Anyway, hope this has been of use and I would appreciate any insight / info on the results.

What plants are they and do they do this in other tanks as well? I know that a good number of terrestrial plants do something similar so I wouldn't be surprised if it were a natural day/night plant thing.

Experimenting is always fun, even if it isn't the most scientific of methodology.

Jeff.

MoneyMitch 03-31-2013 06:18 PM

would be cool to use a capped soil like you did in one tank with a few plants then in another tank do diy co2 with same plants. use the same light but have them in totall darkness when lights off. no livestock in either tank. just see what happens and compare results

equatics 03-31-2013 06:33 PM

Quote:

Originally Posted by fish monger (Post 1599569)
"... I was looking at the soil tank one day and a few giiant bubbles came up from the substrate. Big bursts of CO2 I suppose. ..."


The same thing has happened in my gravel substrate tank - not huge bubbles but bubbles nonetheless. It makes me think of "dead spots" in the substrate and SO2 (Sulphur Dioxide) which smells like burnt eggs or something like that. I could easily be totally wrong, but I am going to take a chopstick to the gravel.

JDM 03-31-2013 08:17 PM

I have that all the time, mostly from around the driftwood. It's just captured CO2. Out of curiosity I checked out the smell factor, odourless gas. If I wiggle the wood, more of the same. Sometimes it builds up, sometimes it does not.
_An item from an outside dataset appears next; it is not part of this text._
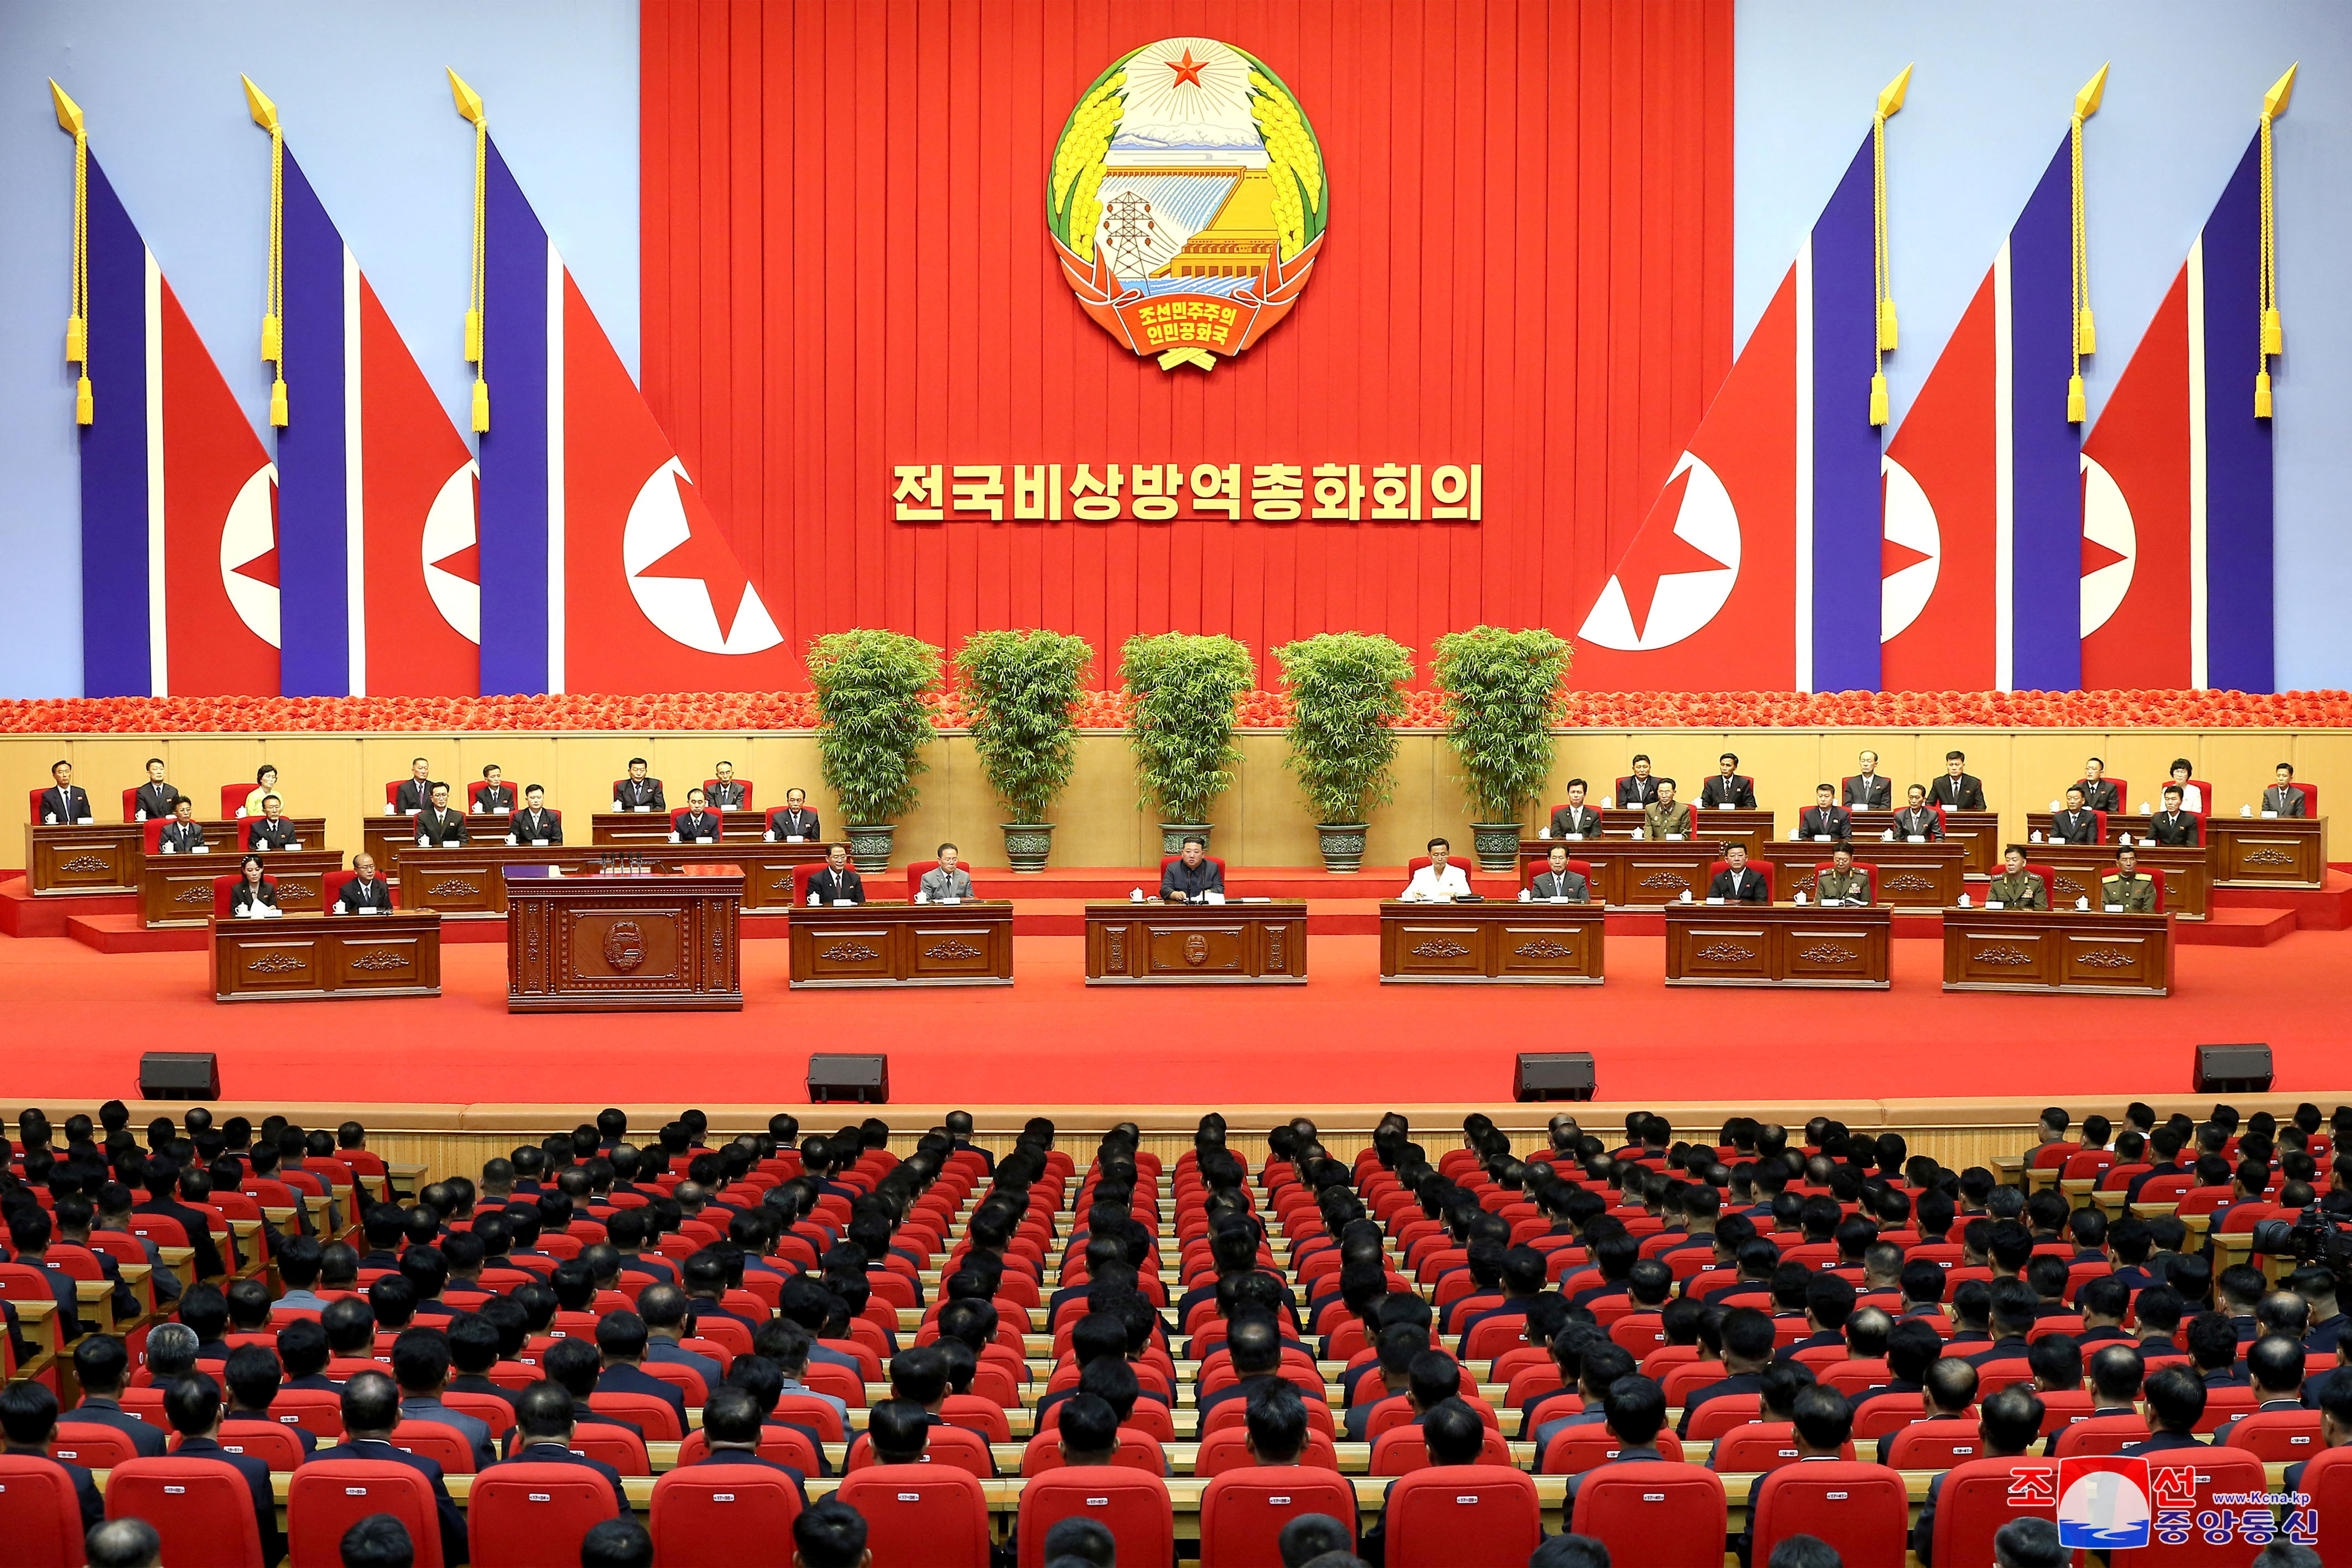 North Korean officials attend a national meeting on measures against the coronavirus disease (COVID-19) in Pyongyang

In my case with the maximum 3" deep sand substrate and still new tank, less than four months, there probably isn't anything deep enough to worry about, nor will there ever likely be. I expect that some mulm has built up around the base of the driftwood and is decomposing causing the CO2 and the wood/sand holds it for a period.

Jeff.

fish monger 04-01-2013 07:26 AM

Quote:

Originally Posted by JDM (Post 1601465)
What plants are they and do they do this in other tanks as well? I know that a good number of terrestrial plants do something similar so I wouldn't be surprised if it were a natural day/night plant thing.

Experimenting is always fun, even if it isn't the most scientific of methodology.

Jeff.

They are Water Wisteria (hygrophila difformis). I haven't noticed any drooping at night in the other tanks. This has always been a difficult plant for me to raise. Suspect insufficient light intensity is the real problem. This project was put together with stuff already on hand.

fish monger 04-01-2013 07:41 AM

Quote:

Originally Posted by Nemo the Clownfish (Post 1601881)
The same thing has happened in my gravel substrate tank - not huge bubbles but bubbles nonetheless. It makes me think of "dead spots" in the substrate and SO2 (Sulphur Dioxide) which smells like burnt eggs or something like that. I could easily be totally wrong, but I am going to take a chopstick to the gravel.

Poking around in the gravel wouldn't be a bad idea. Couldn't do any harm and might do some good. A friend suggested that to me when I mentioned that my plants seemed to be falling off on growth. Can't say that I have noticed any difference; however, I don't think it was wasted time. People keep snails for just that purpose.